Available at: http://digitalcommons.calpoly.edu/theses/1511
Date of Award
MS in Computer Science
As part of an ongoing multidisciplinary effort at California Polytechnic State University, biologists and computer scientists have developed a new Library-Dependent Microbial Source Tracking method for identifying the host animals causing fecal contamination in local water sources. The Cal Poly Library of Pyroprints (CPLOP) is a database which stores E. coli representations of fecal samples from known hosts acquired from a novel method developed by the biologists called Pyroprinting.
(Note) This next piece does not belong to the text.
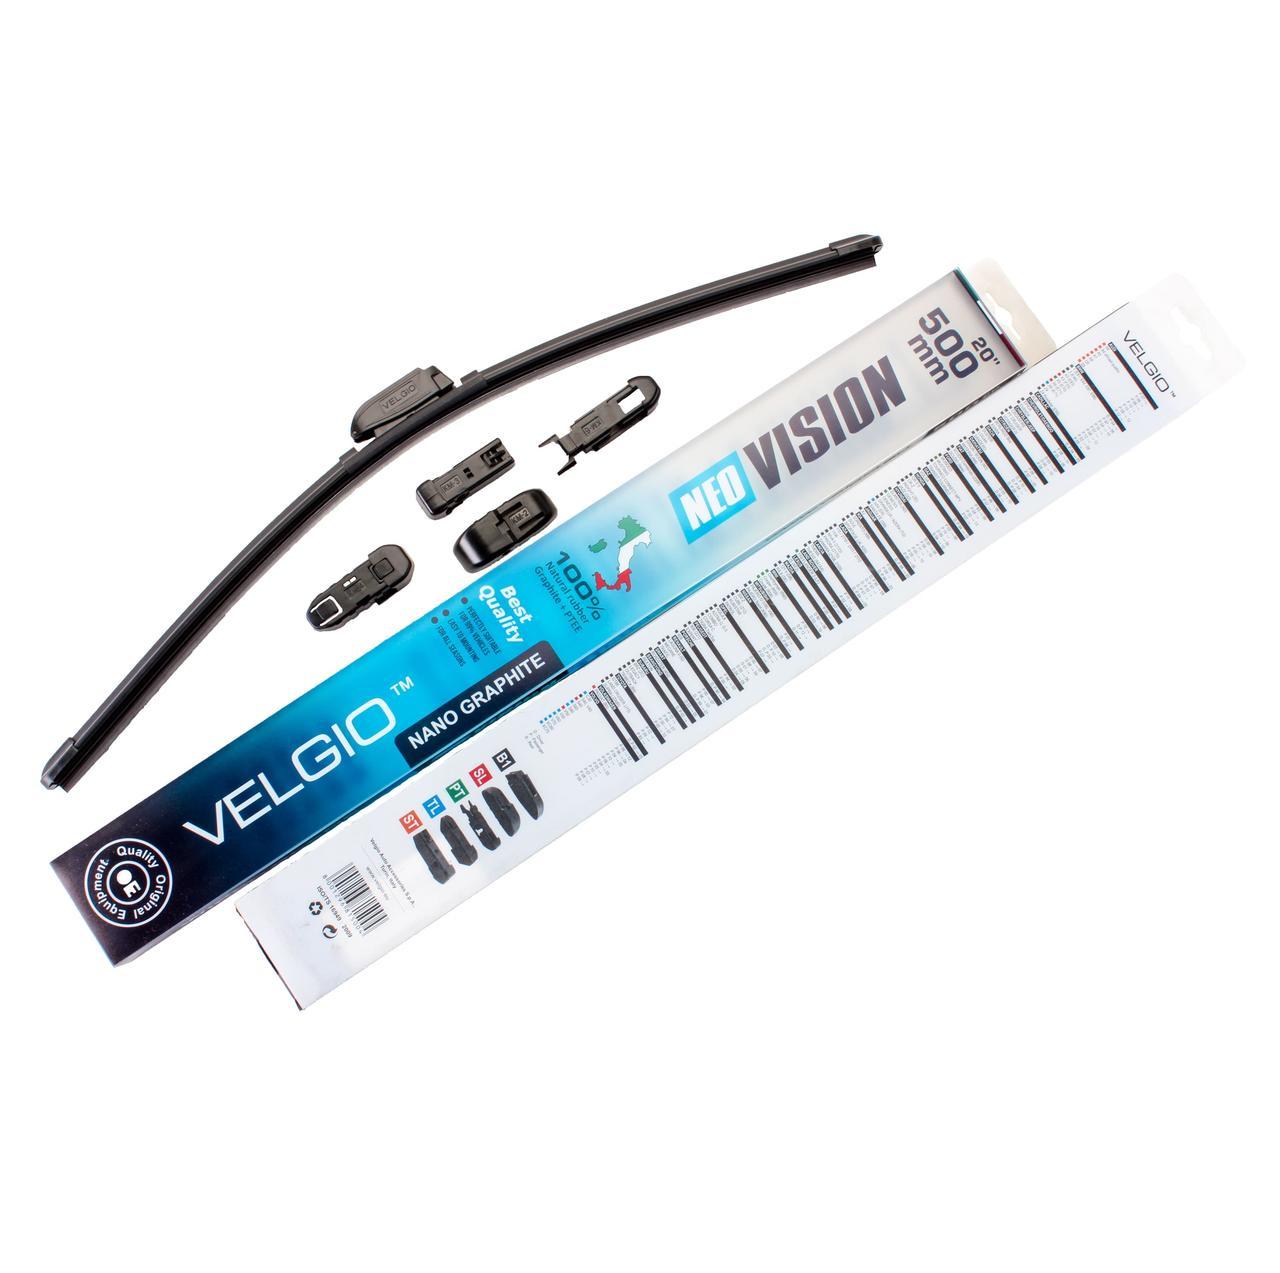 Дворники для авто Velgio Neo Vision 20in / 500мм

The research group considers E. coli samples whose Pyroprints match above a certain threshold to be part of the same bacterial strain. If an environmental sample from an unknown host animal matches one of the strains in CPLOP, then it is likely that the host of the unknown sample is the same species as one of the hosts that the strain was previously found in. The computer science technique for finding groups of related data (ie. strains) in a data set is called clustering. In this thesis, we evaluate the use of density-based clustering for identifying strains in CPLOP. Density-based clustering finds clusters of points which have a minimum number of other points within a given radius. We contribute a clustering algorithm based on the original DBSCAN algorithm which removes points from the search space after they have been seen once. We also present a new method for comparing Pyroprints which is algebraically related to the current method. The method has mathematical properties which make it possible to use Pyroprints in a spatial index we designed especially for Pyroprints, which can be utilized by the DBSCAN algorithm to speed up clustering.